Jackson's first trial would eventually result in a mistrial, as the judge determined that comments made by prosecutor Ralph Guerrero had prejudiced jurors towards the defendant. As a result, the venue for the upcoming trial was moved to San Angelo, and that new jury would be selected. Guerrero had told the jurors that investigators had located vials of Mivacron at Jackson's home, and suggested that her failing marriages and losing custody of her children might have been contributing factors for her decision to start killing her patients.

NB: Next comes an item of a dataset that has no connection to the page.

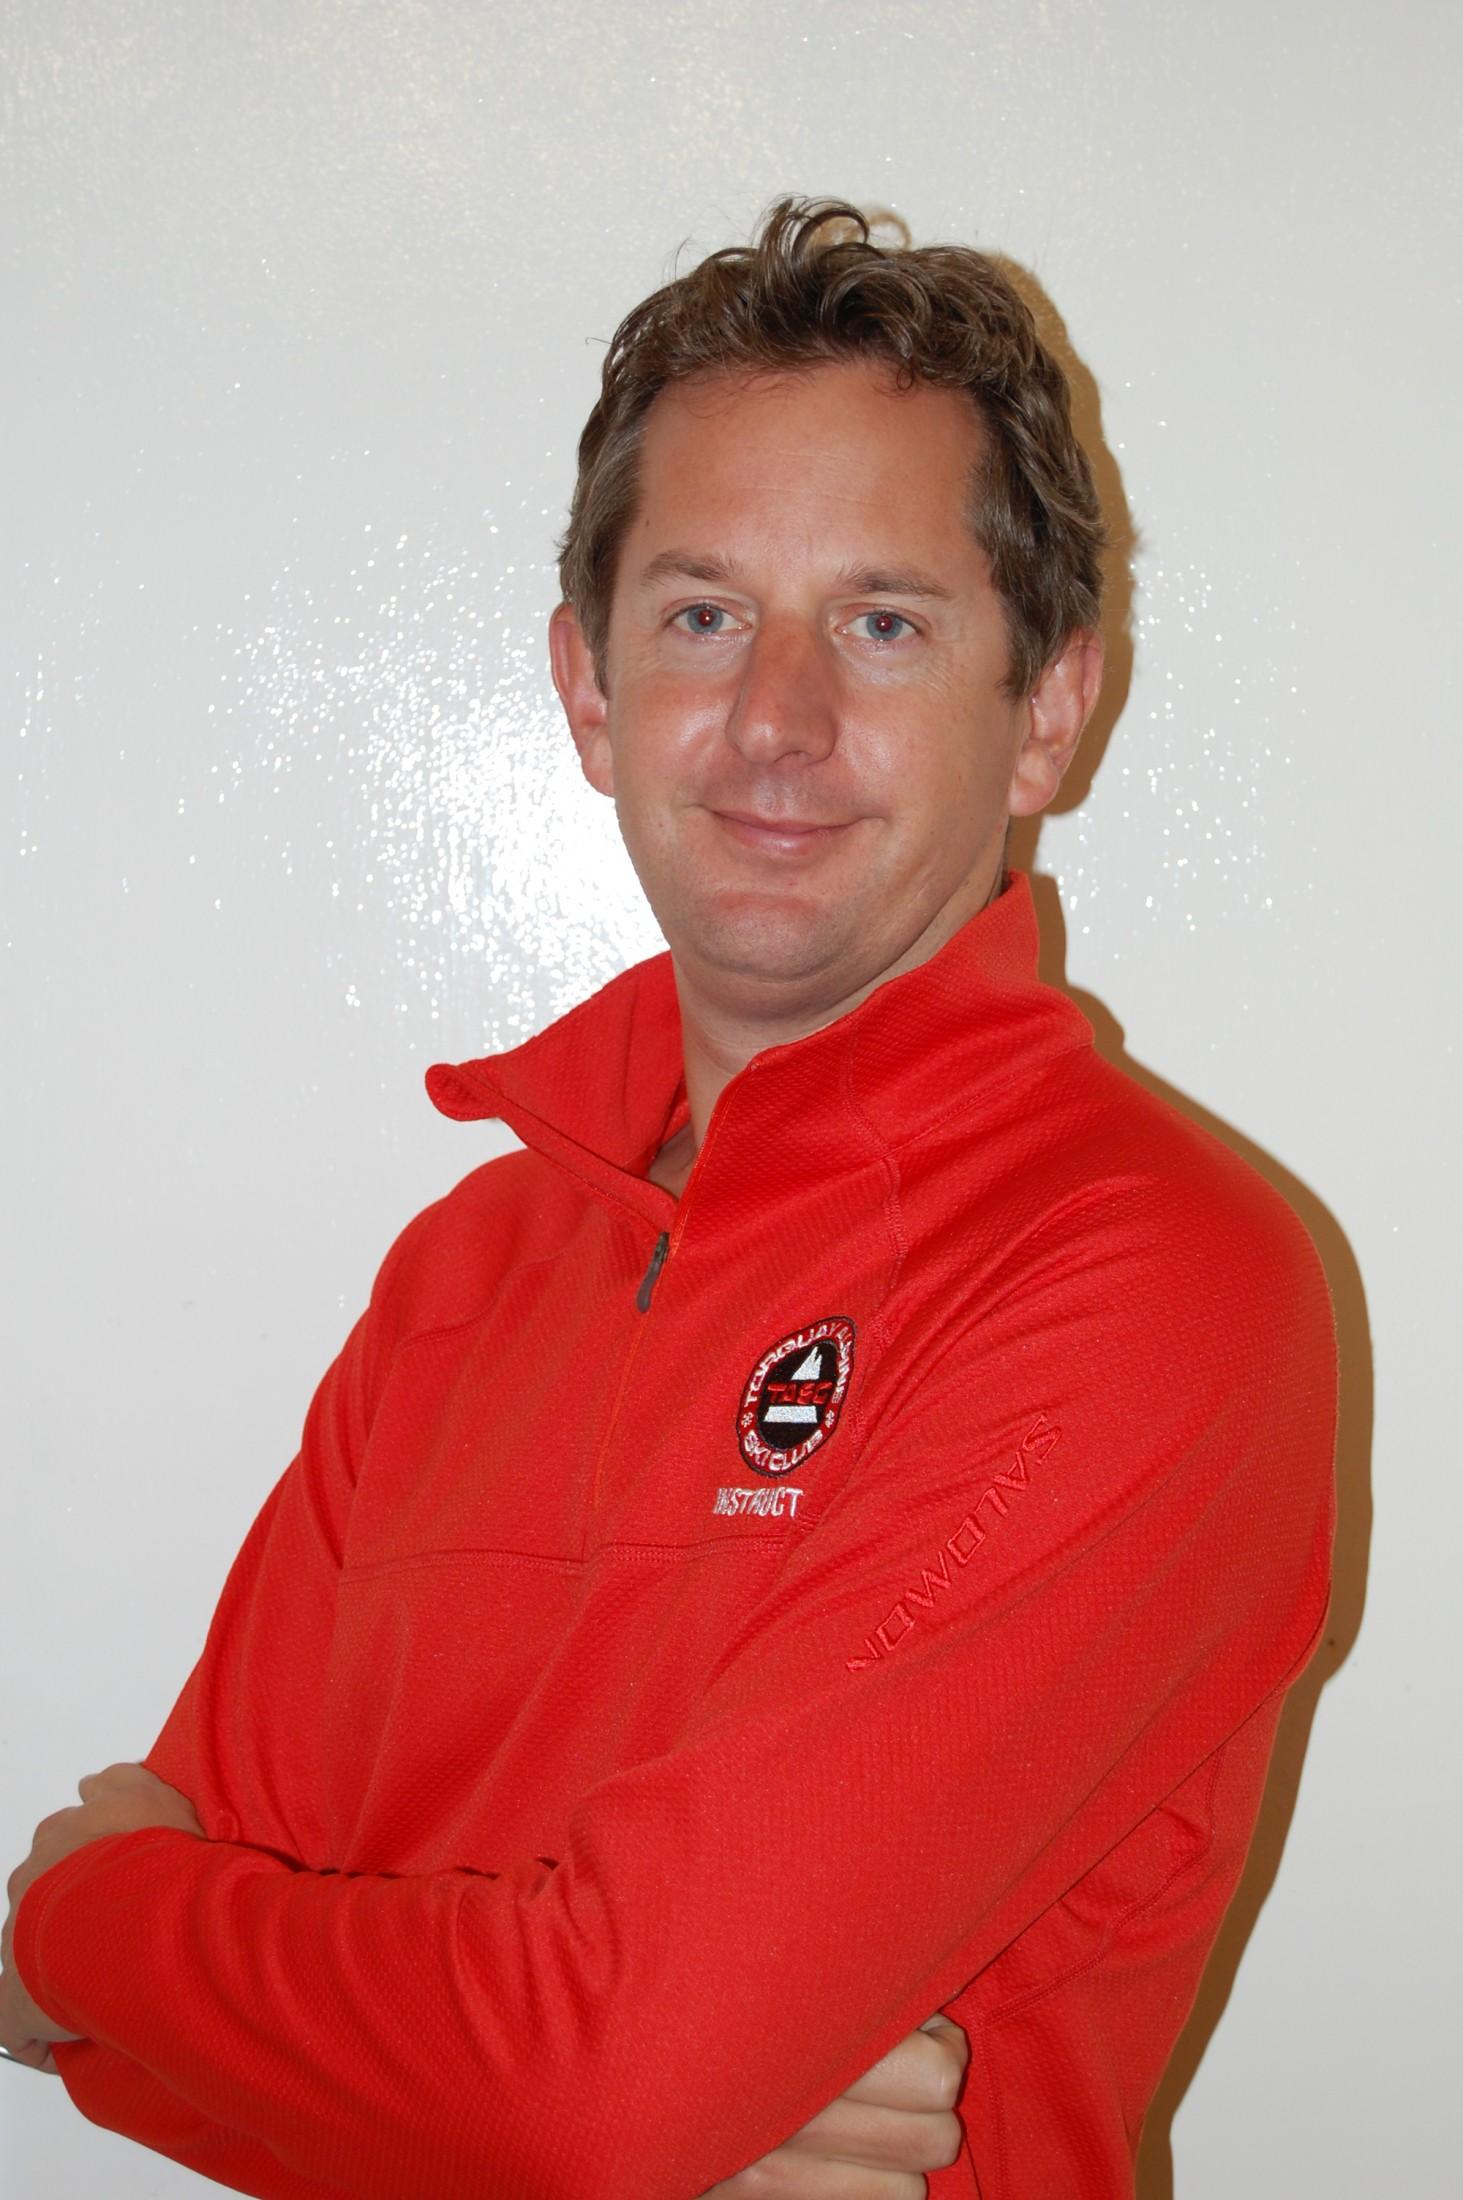 Neil Lomas

At her second trial, FBI Special Agent David Burns testified against Jackson, revealing that in the course of several interrogations with her, he determined that she had killed the patients in fits for anger for being "too demanding", and that she had attempted to injure several others, including a 14-year-old girl and a 40-year-old woman suffering from Crohn's disease. When pressed as to why she felt the need to kill them, she simply replied that she did not know. In the end, Jackson pleaded no contest to the ten capital murder charges, accepting the life imprisonment terms in exchange for avoiding a jury trial and having her daughter testifying against her. Following her conviction, she released a statement via her attorney proclaiming her innocence and expressing her sympathy for the families of the victims, which was met with lukewarm reception. She and defense team attended an evidentiary hearing in 2015, seeking a new trial and a dismissal of writ, but no results have been reported of that endeavor.

As of August 2021, she remains incarcerated at the Christina Melton Crain Unit in Gatesville, with her earliest possible parole date being in 2042.

==Victims==

| Number | Name | Sex | Age | Date of death |
|---|---|---|---|---|
| 1 | Donna Alice Jennings | F | 100 | December 11, 2000 |
| 2 | Sanford Ray Mitchell | M | 62 | December 20, 2000 |
| 3 | James Wesley Gore | M | 80 | December 29, 2000 |
| 4 | Jimmy Ray Holder | M | 65 | January 7, 2001 |
| 5 | Dorothy Jean Vandenburg | F | 78 | January 7, 2001 |
| 6 | J. T. Nichols | M | 80 | January 11, 2001 |
| 7 | John Walter Williams | M | 78 | January 11, 2001 |
| 8 | Omo Ovella Glenn Wyler | F | 95 | January 24, 2001 |
| 9 | Orvel Lee Moore Jr. | M | 82 | January 30, 2001 |
| 10 | Everett E. Jackson | M | 92 | February 4, 2001 |

==See also==
- List of serial killers in the United States

==Bibliography==
- Katherine M. Ramsland (2007). "Inside the Minds of Healthcare Serial Killers: Why They Kill"
- Virginia A. Lynch and Janet Barber Duval (2010). "Forensic Nursing Science"
- Kelly M. Pyrek (2011). "Healthcare Crime: Investigating Abuse, Fraud, and Homicide"

==In media and culture==
- On the second season of the British docu-series Nurses Who Kill, Jackson's case was covered in the second episode.
- This case is covered in Nightingale No More: the Case of Vicki Dawn Jackson - On the Podcast Killer Psyche.
- An episode of Murder By Medic focused on Jackson's case.